Exercise input:
--*--

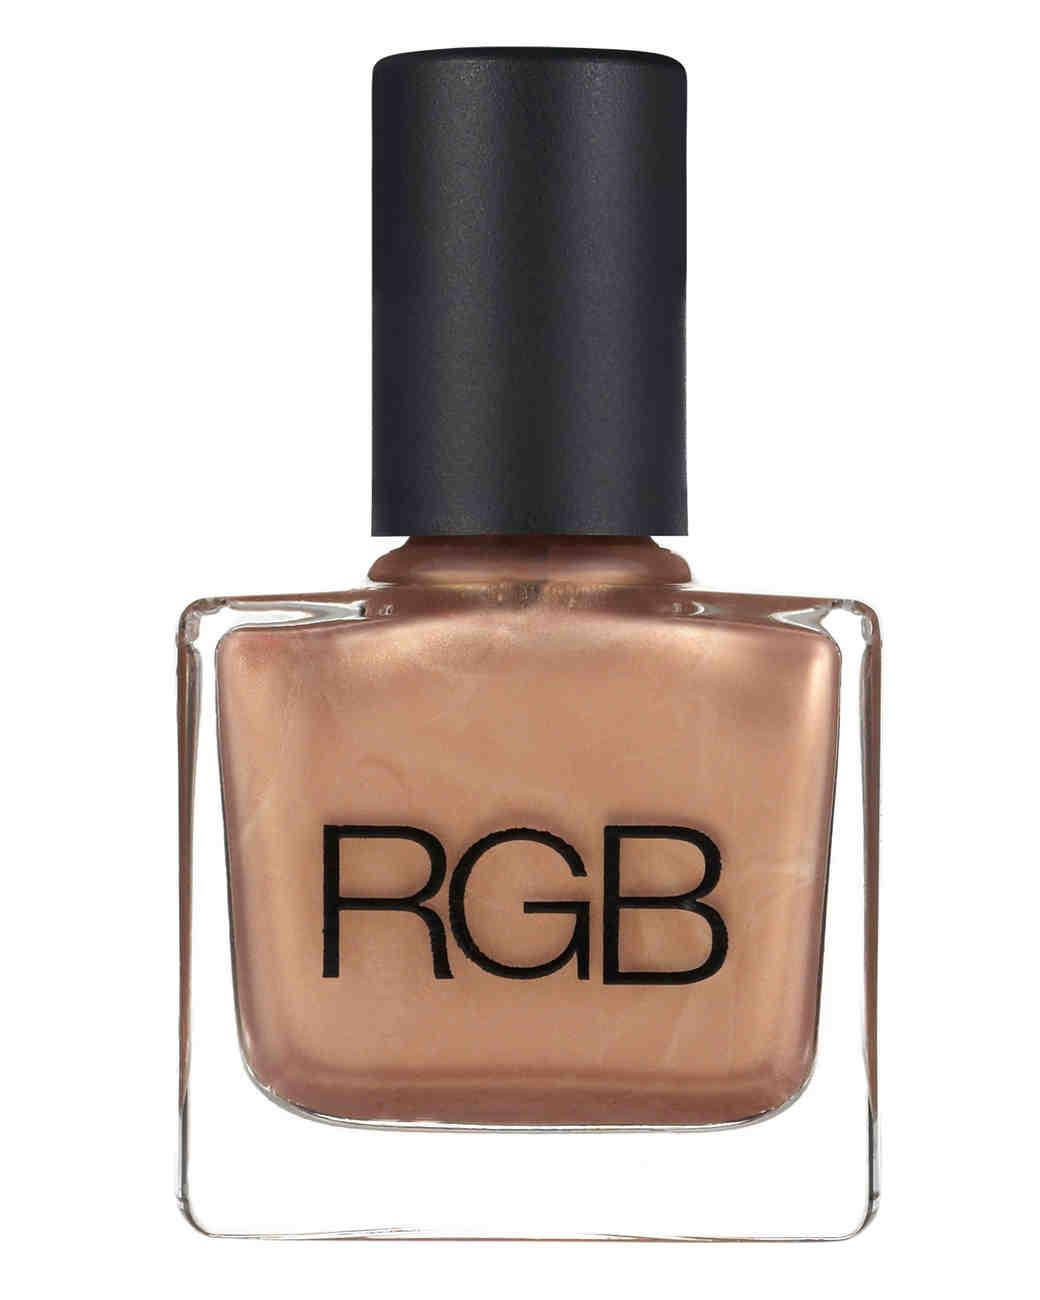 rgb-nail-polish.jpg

--*--

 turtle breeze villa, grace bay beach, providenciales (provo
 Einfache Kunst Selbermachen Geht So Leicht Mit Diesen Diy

--*--

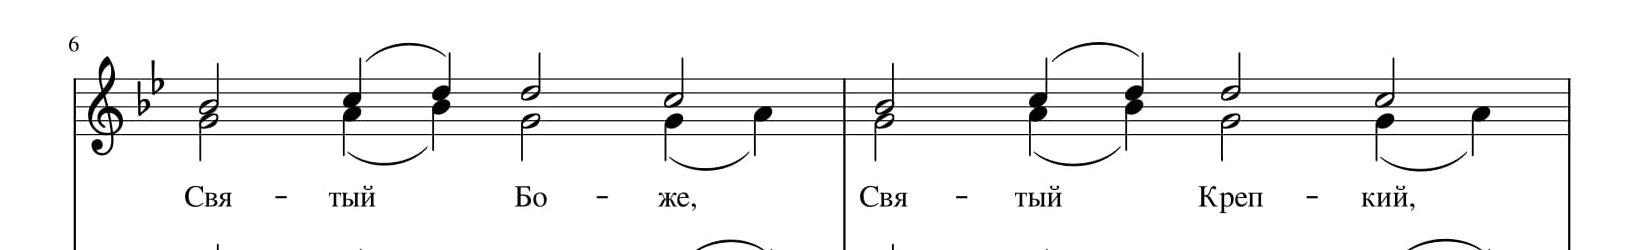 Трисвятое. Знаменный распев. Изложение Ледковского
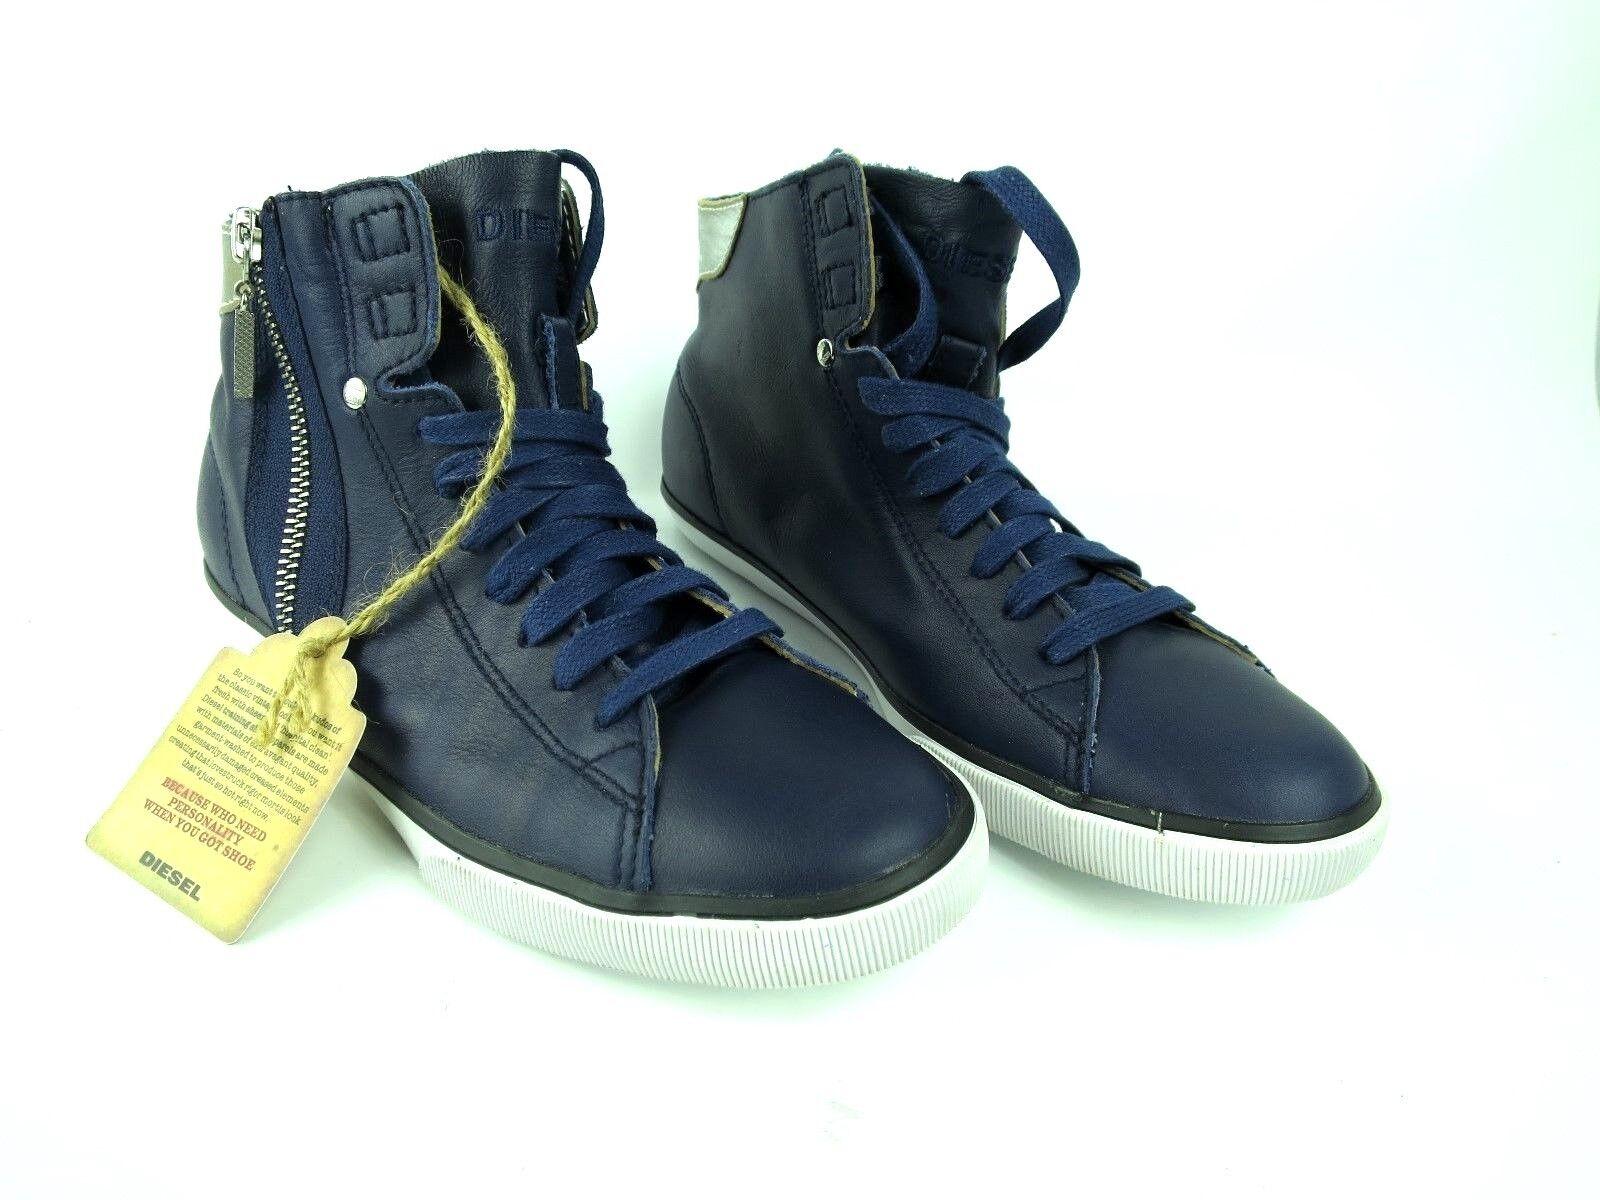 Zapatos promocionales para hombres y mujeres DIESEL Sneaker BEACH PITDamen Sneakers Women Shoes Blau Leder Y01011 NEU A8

--*--

Your instructions: Lines wanted from the listing above: the line with "turtle breeze villa, grace" up to and including the line with "Einfache Kunst Selbermachen". Please write them out exactly, adding nothing else.

Result of this task:
 turtle breeze villa, grace bay beach, providenciales (provo
 Einfache Kunst Selbermachen Geht So Leicht Mit Diesen Diy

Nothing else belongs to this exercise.